Energiefresser aus Sand

Glas wird aus Quarzsand gewonnen, auch das weiße Deckglas für Solarmodule. Eigentlich ein billiger einheimischer Rohstoff. Das gilt auch für die anderen Zutaten des Glasgemenges, wie Soda, Pottasche, Kalk und natürlich Altglas, das ebenfalls für die Fertigung verwendet wird. Was die Glaspreise in die Höhe treibt, ist vor allem der enorme Energiebedarf, um die Mineralien zu schmelzen. Dicke, keramische Elektroden aus Silizi umkarbid und Flammenwerfer verflüssigen das Gemenge bei fast 1.600 Grad Celsius. Die teigartige Schmelze wird bei rund 1.100 Grad Celsius in ein Endlosband gezogen, aus dem nach dem Erstarren die Solargläser geschnitten werden. Das Glasband schwimmt auf einem Bad aus flüssigem Zinn wie ein gleichmäßiger Ölfilm. Von dem englischen Wort für „Aufschwimmen“ kommt auch der Name Floatglas. Durch die Oberflächenspannung des Zinns und des flüssigen Glases bilden sich sehr glatte Oberflächen.

Eine Floatkammer mit Zinnbad ist ungefähr 70 Meter lang; rund 700.000 Euro kosten zehn Meter Floatlinie. Auf der nicht selten zwischen 300 und 1.000 Meter langen Fertigungsstraße kühlt das Glas langsam auf 600 Grad Celsius ab. Es wird mit einer Dicke zwischen 0,4 und 25 Millimetern über das Bad gezogen und durchläuft danach einen Kühlofen, um es spannungsfrei abzukühlen. Anschließend folgt der Zuschnitt. Damit keine Verunreinigungen durch Oxide entstehen, läuft der Floatprozess in einer luftdichten Hülle, unter Schutzgas.
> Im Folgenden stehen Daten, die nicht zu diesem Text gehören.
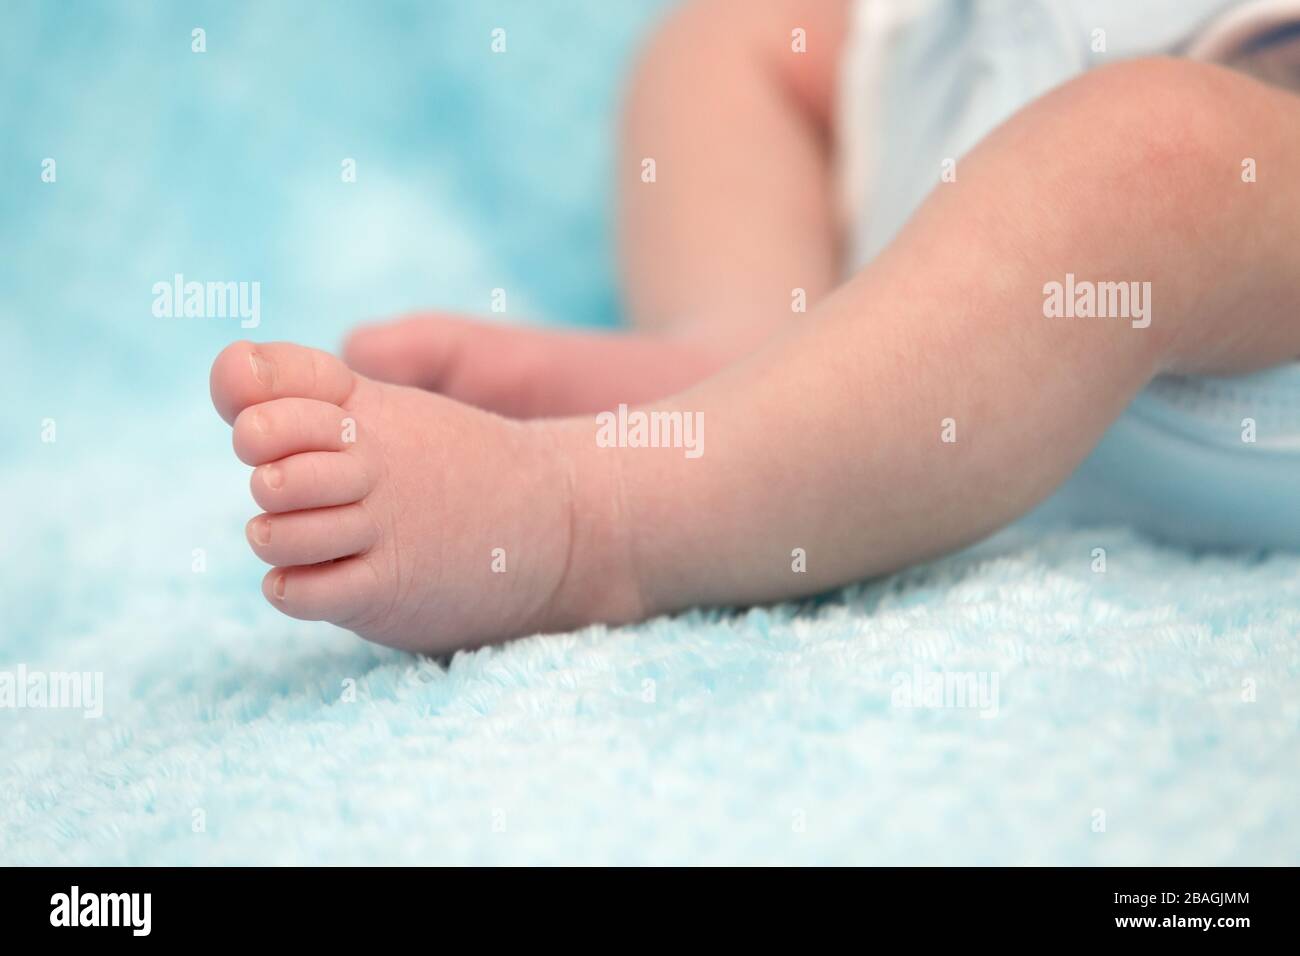 Adorable Little Baby Feet Closeup on Soft Blue Background Stock Photo

Die heiße Schmelze und die lange Abkühlung machen die Fertigung von Flachglas zum Energiefresser schlechthin, vergleichbar mit dem Kochen von Stahl, Aluminium oder Silizium. Nicht nur die Kosten, auch die Energy-Payback-Zeit eines Solarmoduls wird also wesentlich durch die Glasherstellung bestimmt. Das jüngste Werk markiert den technischen Stand einer Branche. Ende 2009 fuhren die Scheuten-Gruppe und Interpane ein neues Floatwerk für weißes Solarglas in Osterweddingen bei Magdeburg an. Ein Hauptaugenmerk der Planer lag auf dem Energieverbrauch und der Energierrückgewinnung für die Fertigung.
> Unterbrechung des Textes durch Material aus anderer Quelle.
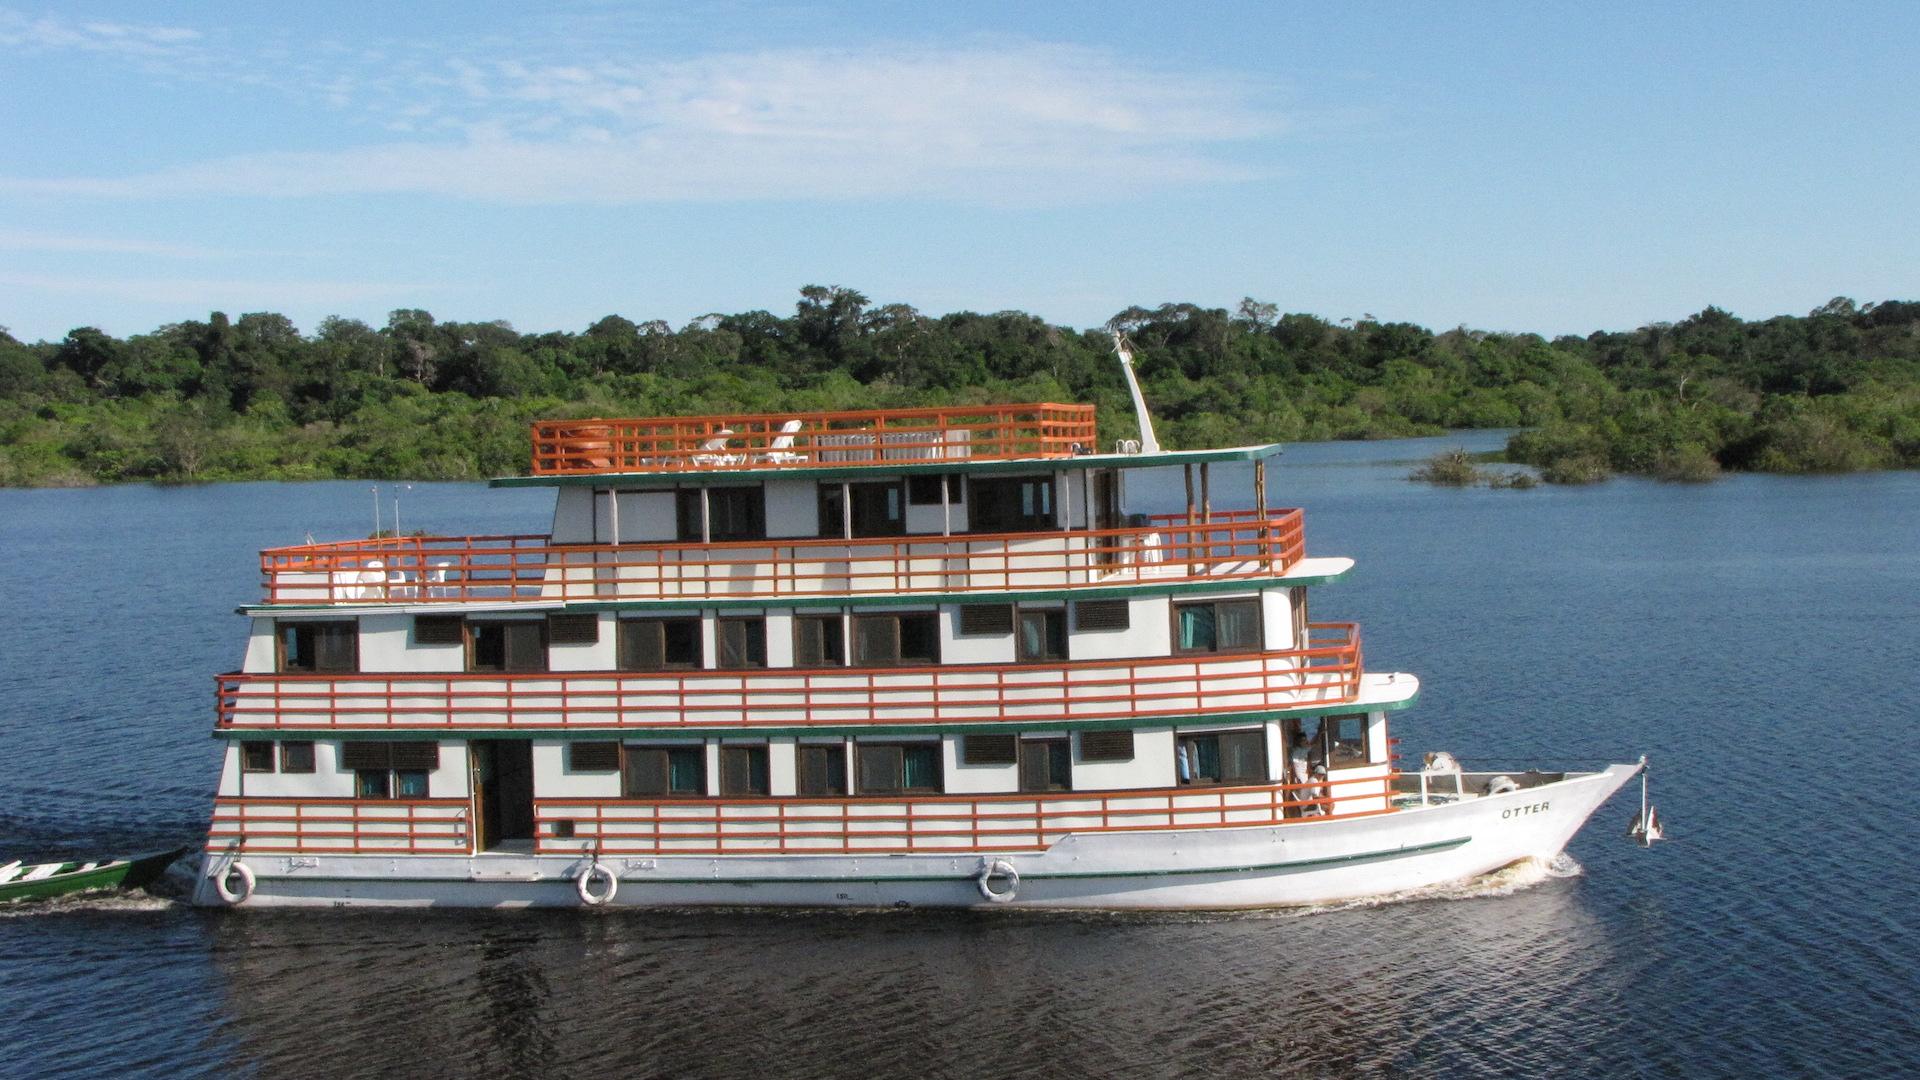 A typical Amazon Boat on a Cruise

Energiesparende Technologie

Der Glasofen in Osterweddingen fasst 2.000 Tonnen Glasschmelze. Bei 1.580 Grad Celsius hat die Schmelze die Qualität, die sie für besonders eisenarmes Solarglas benötigt (siehe photovoltaik 03/2010). „Die Ingenieure haben diese gewaltige Schüssel mit 2.000 Tonnen Schamotte gedämmt, um den Energieverbrauch gegenüber herkömmlichen Schmelzwannen um 30 Prozent zu senken“, erläutert Ruud Geerlings, Direktor für Floatglas bei Scheuten. Im Ergebnis braucht die Floatlinie bei normalem Floatglas mit einem hohen Eisengehalt etwa 20 Prozent weniger Energie als ältere Anlagen. Zwischen 39 und 40 Megawatt bringt der Ofen auf, um täglich 700 Tonnen Floatglas zu schmelzen. Weißes Solarglas muss man heißer schmelzen, damit der Eisenanteil auf unter 80 Parts per Million sinkt. Dann bullert der Ofen mit 41,5 Megawatt, immerhin 15 Prozent unter dem Bedarf von Anlagen älteren Datums.

Zudem wird die Hitze aus dem heißen Abgas des Ofens und seiner Brenner zurückgewonnen. „Zwei Turbinen gewinnen daraus Strom für unser Werk“, erläutert Wolfgang Räbiger, der technische Leiter des Werkes in Osterweddingen. „Wir haben auf dem Dach eine Photovoltaikanlage von einem Megawatt, die wir auf drei Megawatt erweitern wollen.“ Im Abgas des Ofens steckt eine thermische Leistung von sieben Megawatt. Ältere Floatlinien blasen diese kostbare Energie in die Umwelt. In Osterweddingen erzeugt ein zweistufiges Abwärmesystem daraus in der Stunde bis zu 13 Tonnen Dampf, die in den Turbinen verstromt und zugleich als Heizwärme genutzt werden.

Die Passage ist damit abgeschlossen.